Міжнародная канферэнцыя распрацоўнікаў і карыстальнікаў свабодных праграм

Case Study: Parallel Programming in Python with COMPSs

Nikolay Zaitsev, Odessa, Ukraine

LVEE 2019

An original made in European Union, namely in Barcelona Supercomputer Center, a system of parallel programming COMPSs is studied on an example of parallelizing a simple program written in Python language. After annotating functions with the explicit specification of input and output information, COMPSs parallizes programs automatically with a function as a grain (job) of parallel process granulation. The COMPSs runtime system launches jobs dynamically on the readiness of their input data on available nodes (cores). The COMPSs system performance is rather open issue which requires additional comparisons on test tasks with classical systems of parallel programming such as MPI and OpenMP.

1. Introduction

Among parallel programming systems, generally accepted standards are: MPI for distributed nodes; OpenMP for multi-core processors with shared memory; proprietary systems for graphics processors, such as CUDA for Nvidia graphics cards. All these systems require special approaches to the development of parallel programs. A programmer should plan numerous parallel branches and their complex interaction, which is often associated with additional errors.
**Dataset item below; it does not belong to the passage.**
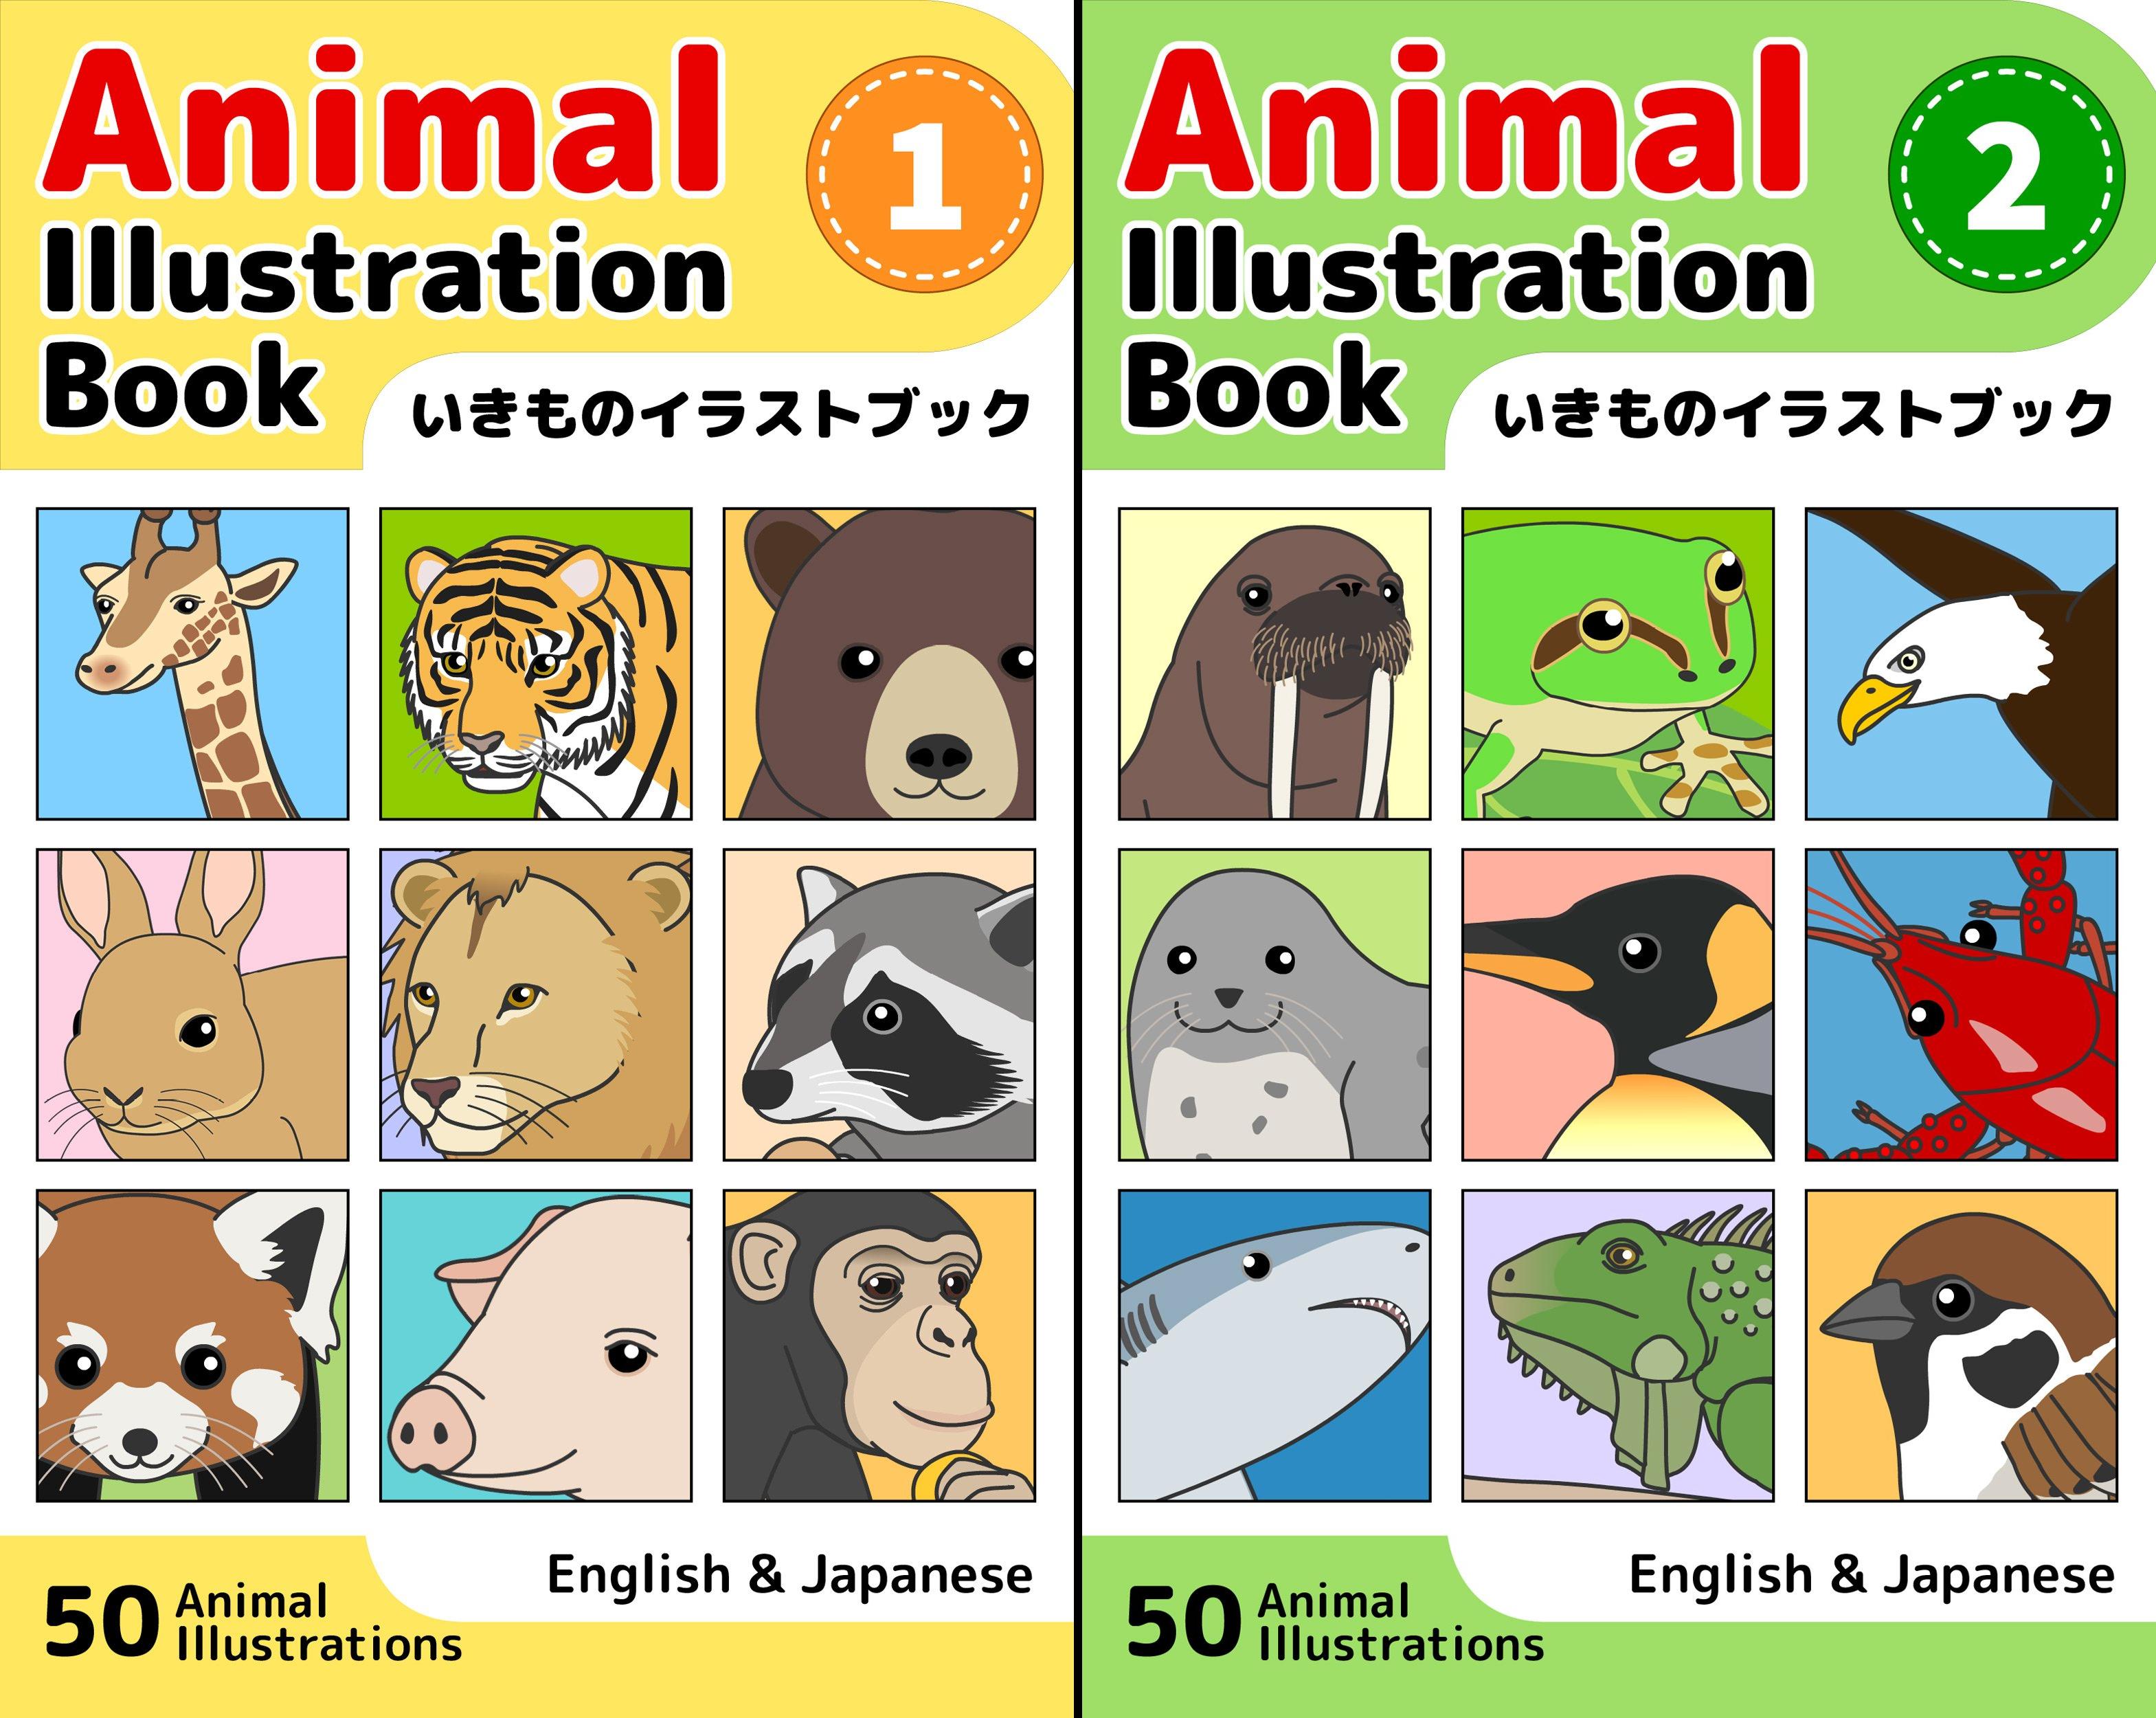 Animal Illustration Book (2 Book Series)

The COMPSs system 1 developed at the Barcelona Supercomputer Center is an open source system under the Apache License version 2. COMPSs provides a fundamentally new approach to parallel programming without parallel programming as such 2. The minimal element of parallel processes granulation is a programming language function. The system COMPSs builds a graph of information connections of tasks and performs the dynamic launch of parallel processes on their readiness. This significantly reduces the complexity of developing parallel programs and ensures their correctness. The disadvantage of the COMPS system at its current experimental stage of its use is some instability and a relatively slow run-time system.

The Barcelona Supercomputing Center continues to improve the system by providing support for new programming languages; for example, COMPSs currently supports the development of programs in such languages as C/C++, Java, and Python 3. Periodically, with the support of the European Union, schools and workshops take place on teaching programming technology within the COMPSs environment. One of such seminars was visited by the author in January 2019, where he received the corresponding certificate of the COMPSs programmer.

2. Principles of software development in COMPSs

For automatic program parallelization, the COMPSs system builds a well-known graph of information connections. The key point in the construction of the information connections graph is an adequate choice of the granulation level of parallel processes. Work at the level of individual operators of a programming language is rather time consuming and requires close integration with software of the compiler of a programming language.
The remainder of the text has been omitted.